Founder of the first ruling dynasty of the Magadha Empire

Brihadratha I (बृहद्रथ) was the founder of the legendary Brihadratha dynasty, the earliest ruling dynasty of Magadha featured in Hindu literature. He established Magadha on the banks of the river Ganges, transferring the centre of power from Chedi, a neighbouring kingdom, to the newly settled Magadha. During his reign and that of his son Jarasandha, Magadha became a major power of the land. He had a daughter named Shashirekha who was the second wife of Dhrishtadyumna.

Brihadratha was the eldest of the five sons of Vasu, (also known as Uparichara Vasu) the Kuru king of Chedi and his queen Girika. His father was the ruler of Chedi and Brihadratha established Magadha at the border of Chedi Kingdom. He is mentioned in the epic Mahabharata and the Puranas.
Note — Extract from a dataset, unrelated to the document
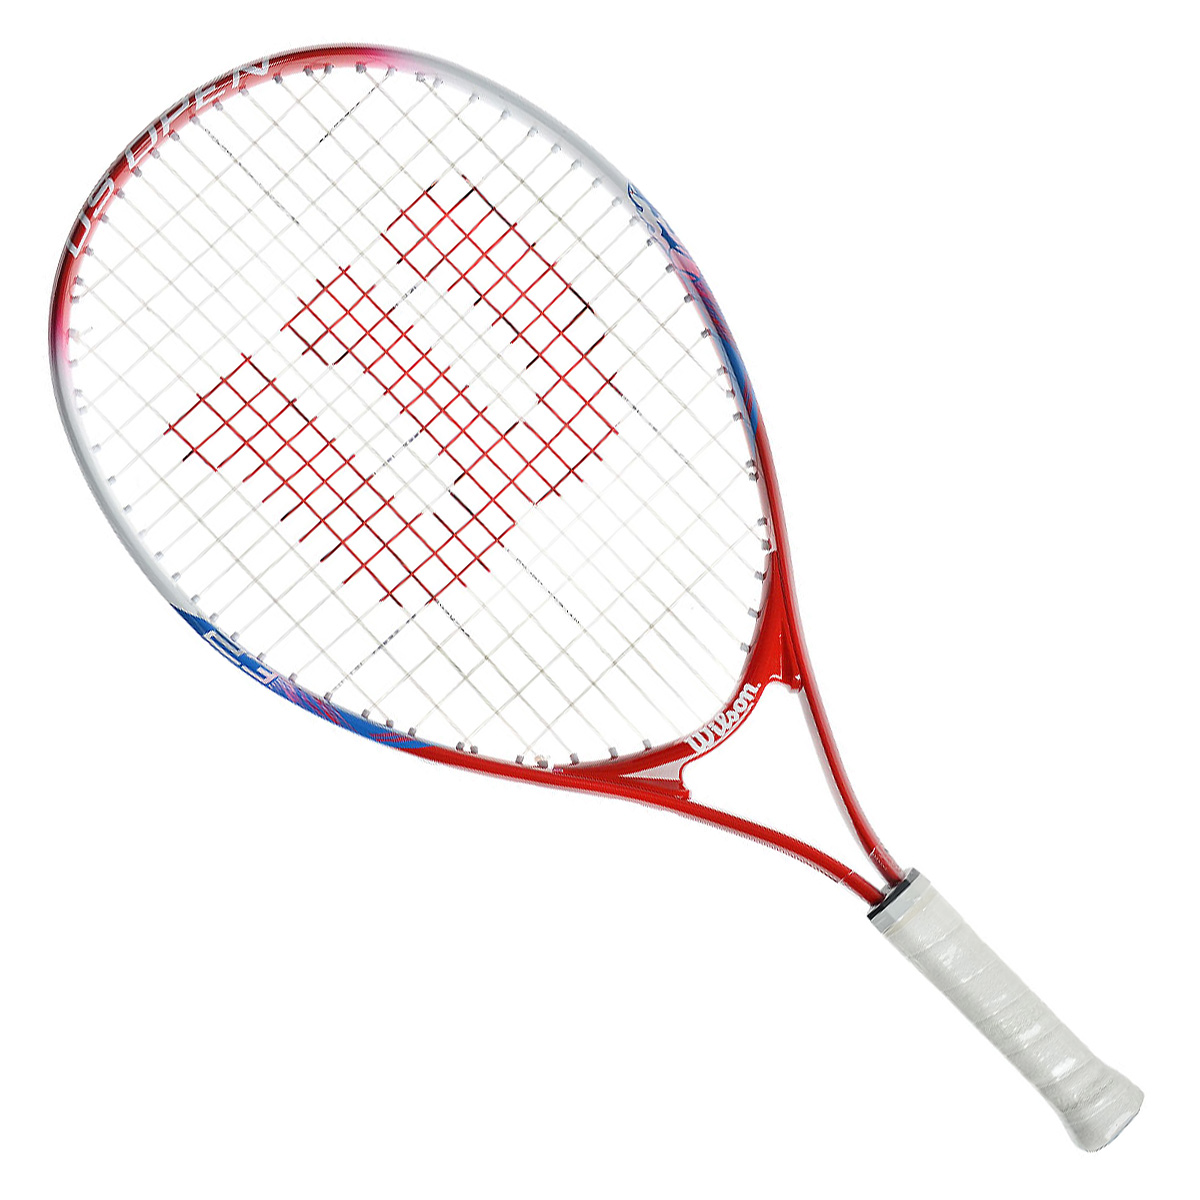 Ракетка детская Wilson US Open 23 теннисная ракетка prince t361 o3 tour os

The name of Brihadratha is also found in the Rigveda (I.36.18, X.49.6).

==Etymology==
The name is a combination of bṛhat meaning 'great' or 'huge', and ratha meaning 'chariot'. Therefore, the name Brihadratha (बृहद्रथ; IAST: Bṛhadratha) can be assumed to be meaning "someone with a great/huge chariot".

==Literature==
Brihadratha established his dynasty in Magadha. Ripunjaya was the last in his lineage, who was killed by his minister in 682 BCE.
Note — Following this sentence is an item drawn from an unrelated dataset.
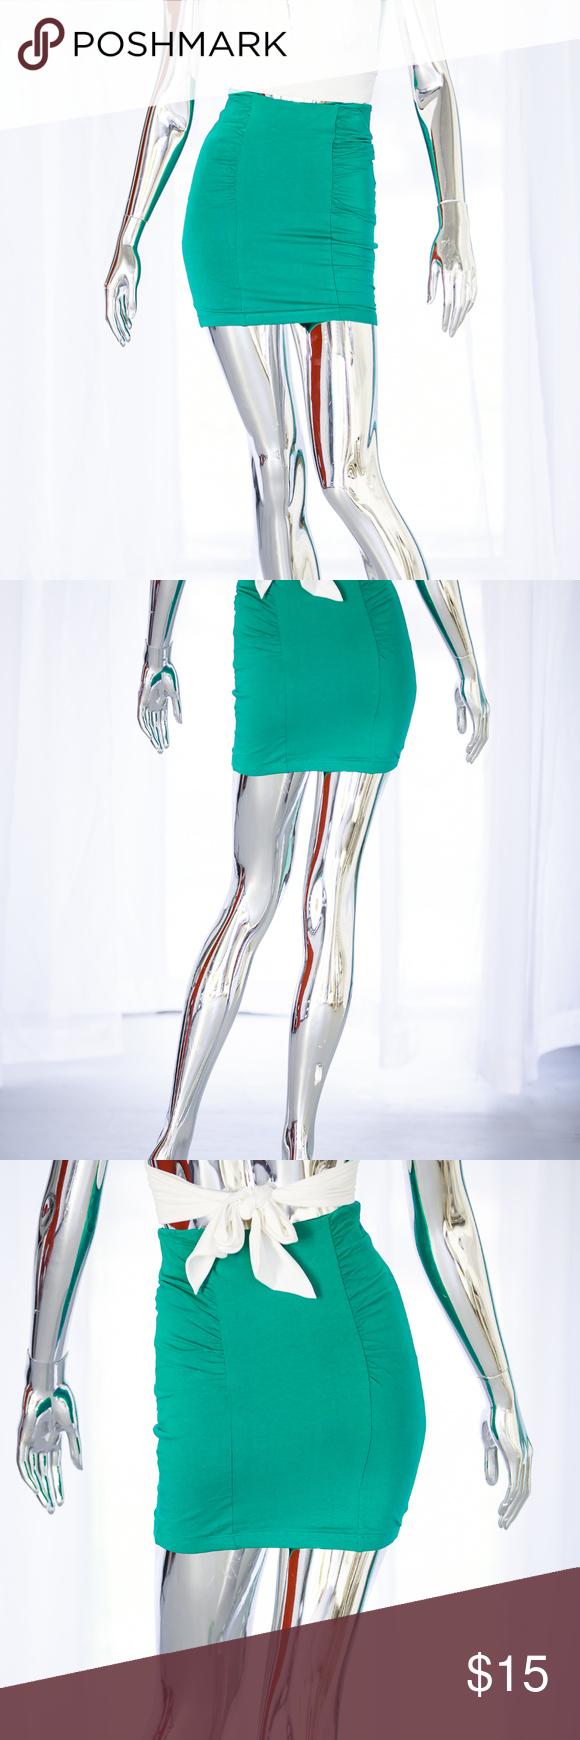 NWT kelly green ruched mini skirt kelly green ruched mini skirt Forever 21 Skirts Mini

All the Puranas mention his sister Amna, as his successor. Kushagra was succeeded by his son Vrishava (or Rishava). Pushpavanta (or Pushyavanta or Punyavanta) was the son of Vrishava. Pushpavanta was succeeded by his son Satyahita (or Satyadhrita). Satyahita's son was Sudhanvana (or Sudharmana, Dharmatma, or Dhanusha). Dhanusha was succeeded by his son Sarva (or Urja or Jatu or Jahu or Jantu). Sarva was succeeded by his son Sambhava. According to the Agni Purana, Sambhava was succeeded by his son Jarasandha, the noted warrior king mentioned in the Mahabharata. However, all other Puranic genealogical lists mention the name of Brihadratha again between either Jantu and Jarasandha or Sambhava and Jarasandha. Jarasandha was succeeded by his son Sahadeva who was killed in the Kurukshetra War.